Important: the following is merely a discussion of what has helped us. This is not a magic bullet, and should only be applied to some very limited scenarios after you have profiled and you know what you are doing and why. And it helps if you are just a little bit crazy.

First, a brief overview – imagine you are holding Customer objects in memory for an extended period; you have a lot of them in a List<Customer>, and occasionally add more (with suitable threading protection, etc). Further, you have some pre-calculated subsets of the data (perhaps by region) – so a number of smaller List<Customer>. That is entirely inaccurate, but sets the scene ;p

After exhausting alternatives, what we did was:

  • change Customer from a class to a struct (only within this crazy code)
  • change the main store from a List<Customer> to a Customer[]
  • change the subsets from List<Customer> to List<int>, specifically the offset into the main Customer[]

eek; so what does that do for us?

  • the main data is now a single object (the array) on the "large object heap", rather than lots of small objects
  • by using direct access into an array (rather than a list indexer) you can access the data in-situ, so we are not constantly copying Customer values on the stack
  • the int offsets for subsets are essential to make sure we don't have multiple separate values of each record, but on x64 using int offsets rather than references also means our subsets suddenly take half the memory

Note that for some of the more complex code (applying predicates etc), we also had to switch to by-ref passing, i.e.

void SomethingComplex(ref Customer customer) {...}
int custIndex = ...
SomethingComplex(ref customers[custIndex]);

This again is accessing the Customer value in-situ inside the array, rather than copying it.

To finish off the bad-practice sheet, we also had some crazy changes to replace some reference data inside the record to fixed sized buffers inside the value (avoiding an array on the heap per item), and some corresponding unsafe code to query it (including the rarely-used stackalloc), but that code is probably a bit complex to cover properly - essentially: we removed all the objects/references from this data. And after removing the objects, there is nothing for GC to look at.


It helped! Here’s the “after”, at the same scales:


As you can see, there are still a few vertical spikes (which still tie into GC), but they are much less dense, and less tall. Basically, the server is no longer tied up in knots. The code is a bit less OOP than we might usually do, but it is a: constrained to this very specific scenario (this is absolutely not a carte-blanche “make everything a struct”), and b: for understood reasons.

Plus, it was pretty interesting (oh dear; I really, really need to get out more).

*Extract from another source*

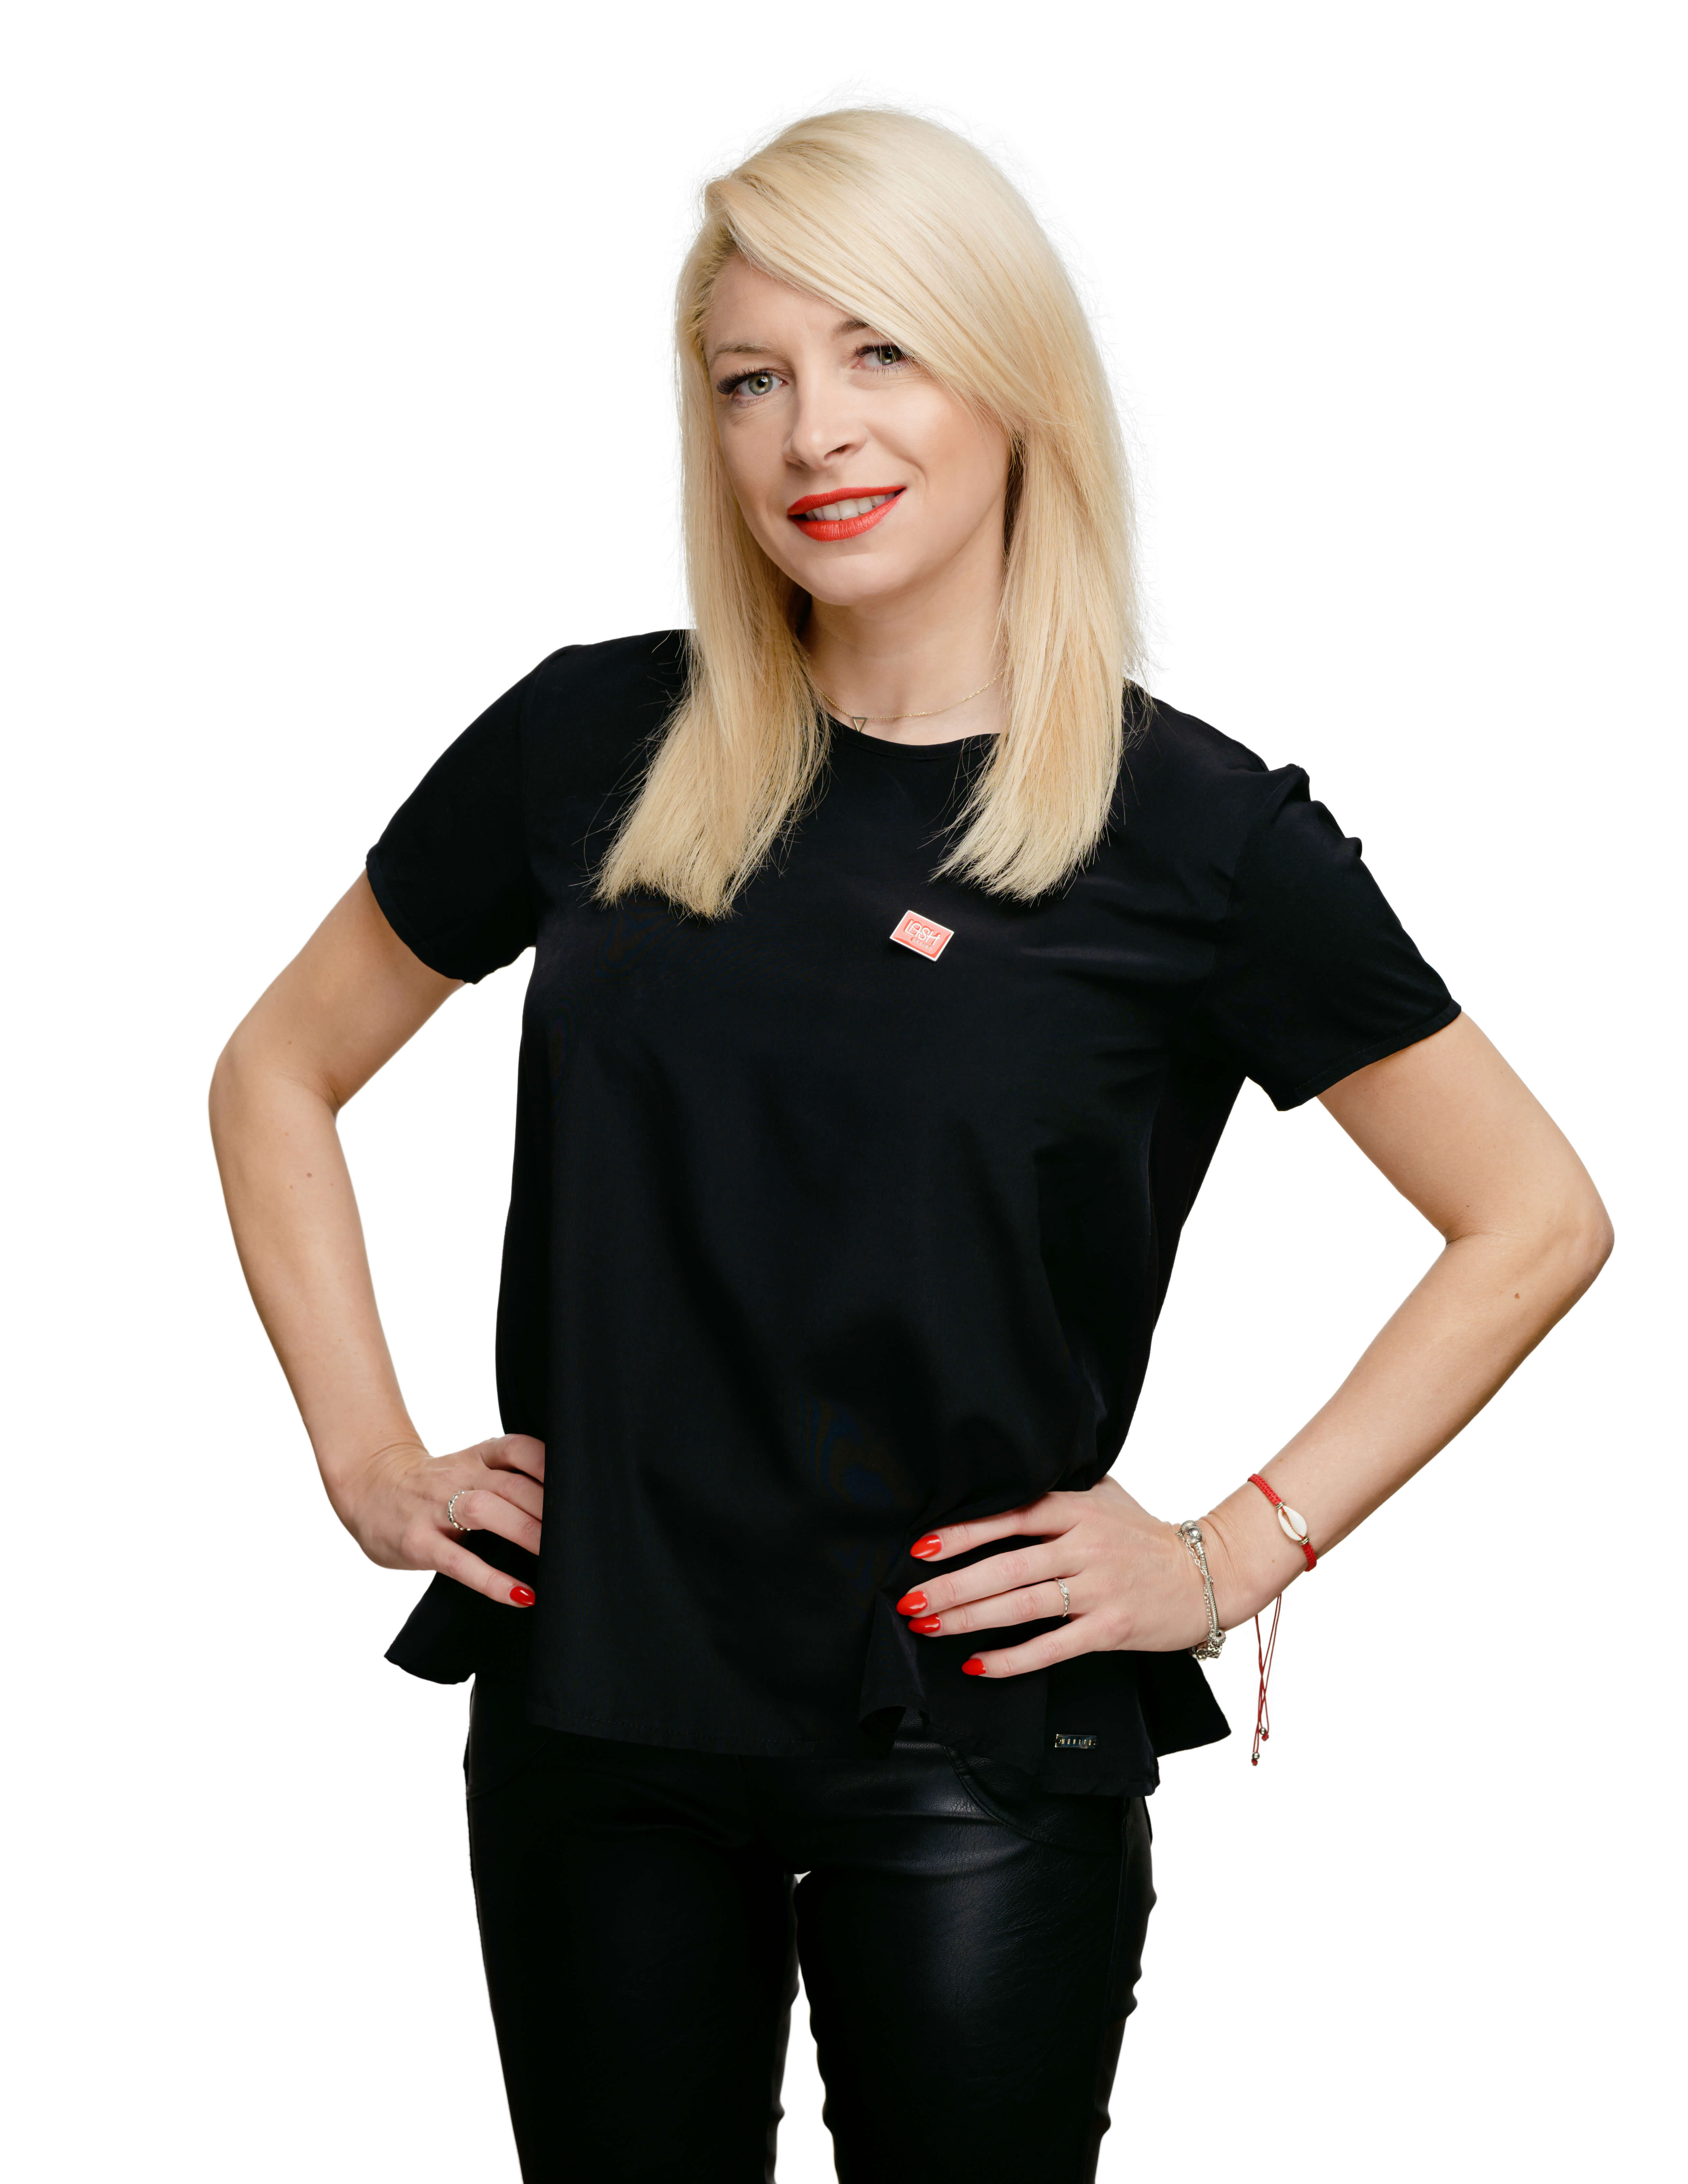 Paulina Kokoryka
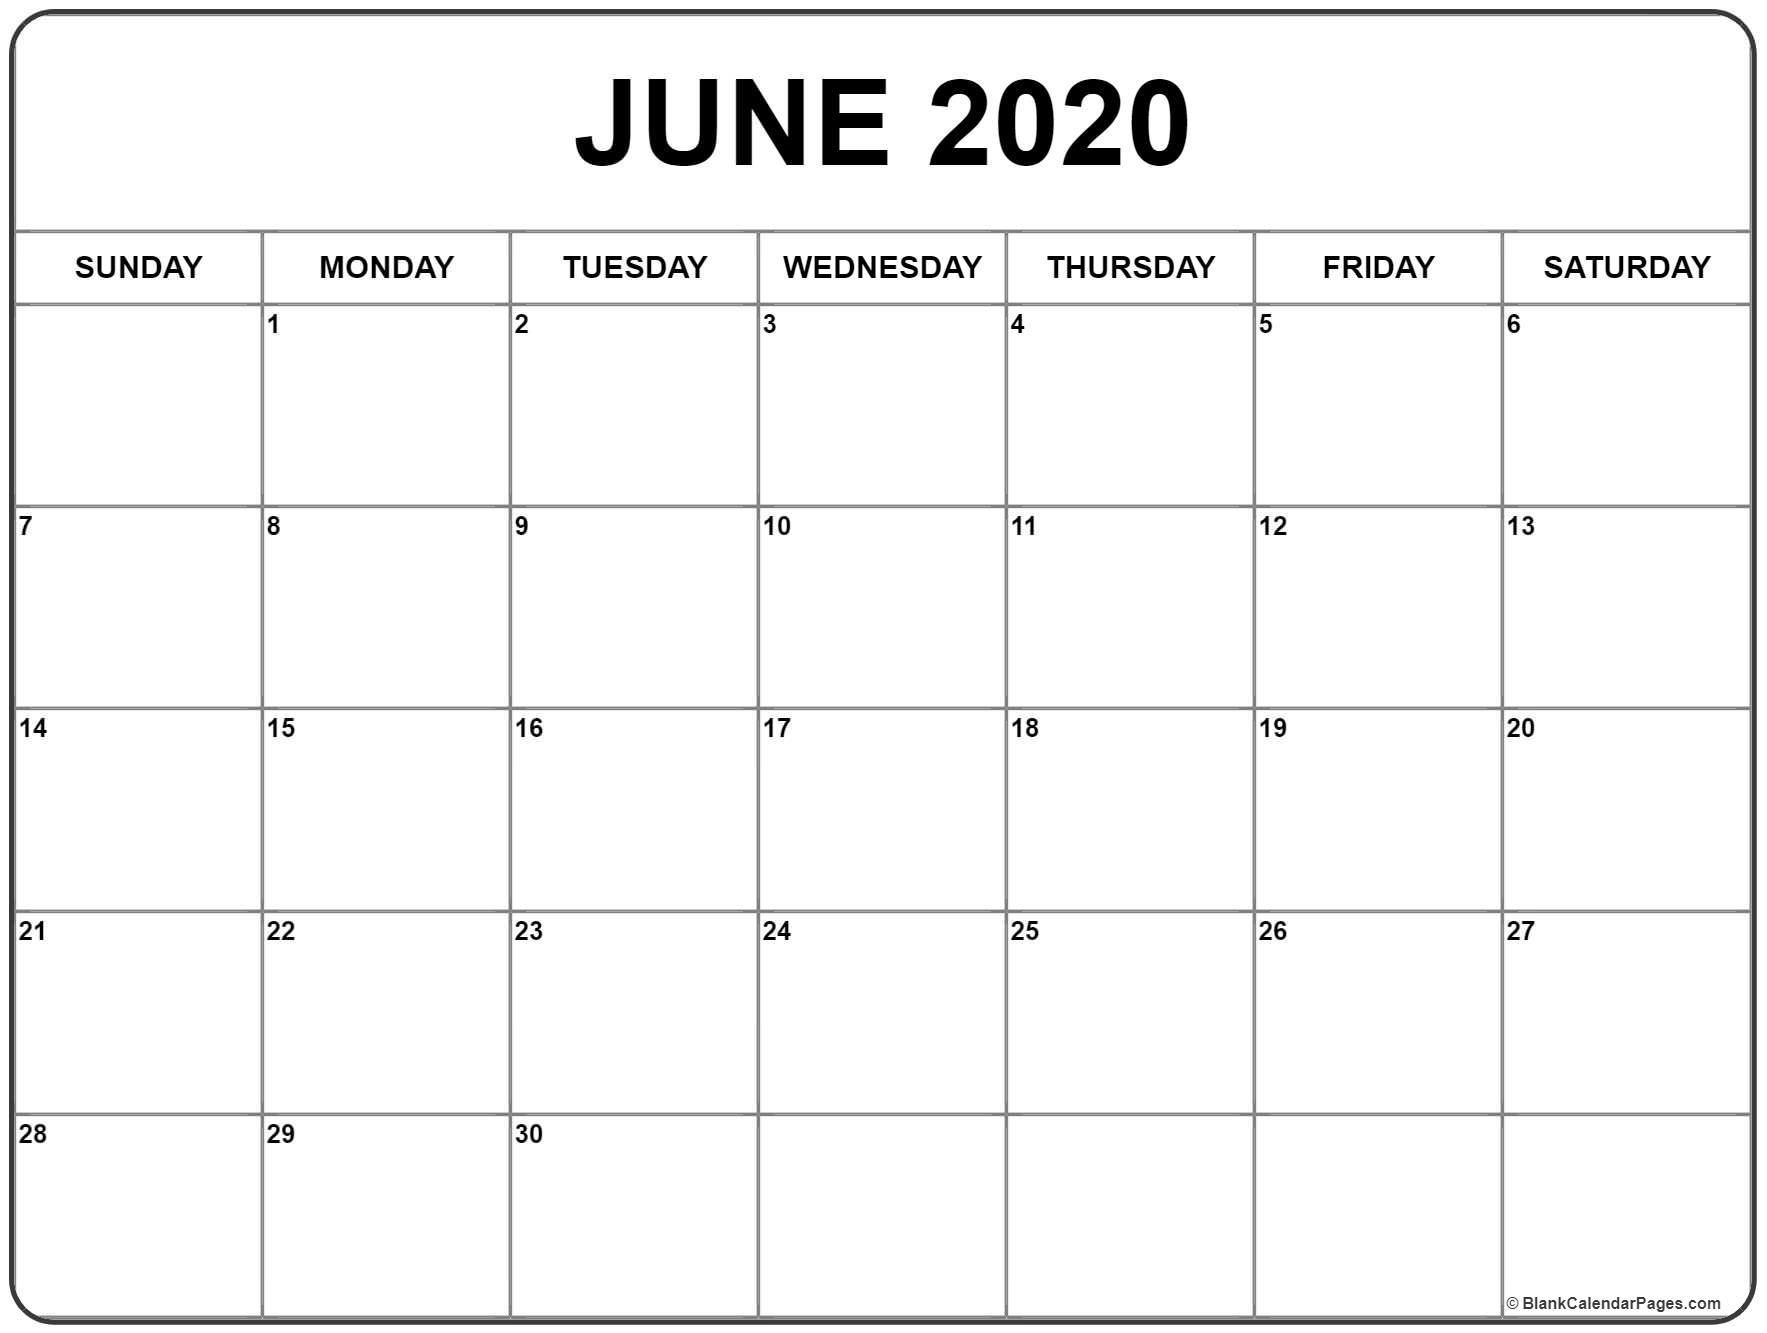 June 2020 Calendar | Free Printable Monthly Calendars regarding Free Printable Calendar July 2019-June 2020

Enjoy.


  • You need to be really careful messing with this – especially with updates etc, since your records are certainly over-size for atomic read/write, and you don’t want callers seeing torn data.
  • This is not about “struct is faster” – please don’t let that be what you take away; this is a very specific scenario.
  • You need to be really careful to avoid copying fat values on the stack.
  • This code really is well outside of the normal bell-curve. Indeed, it is pretty resonant of XNA-style C# (for games, where GC hurts the frame-rate).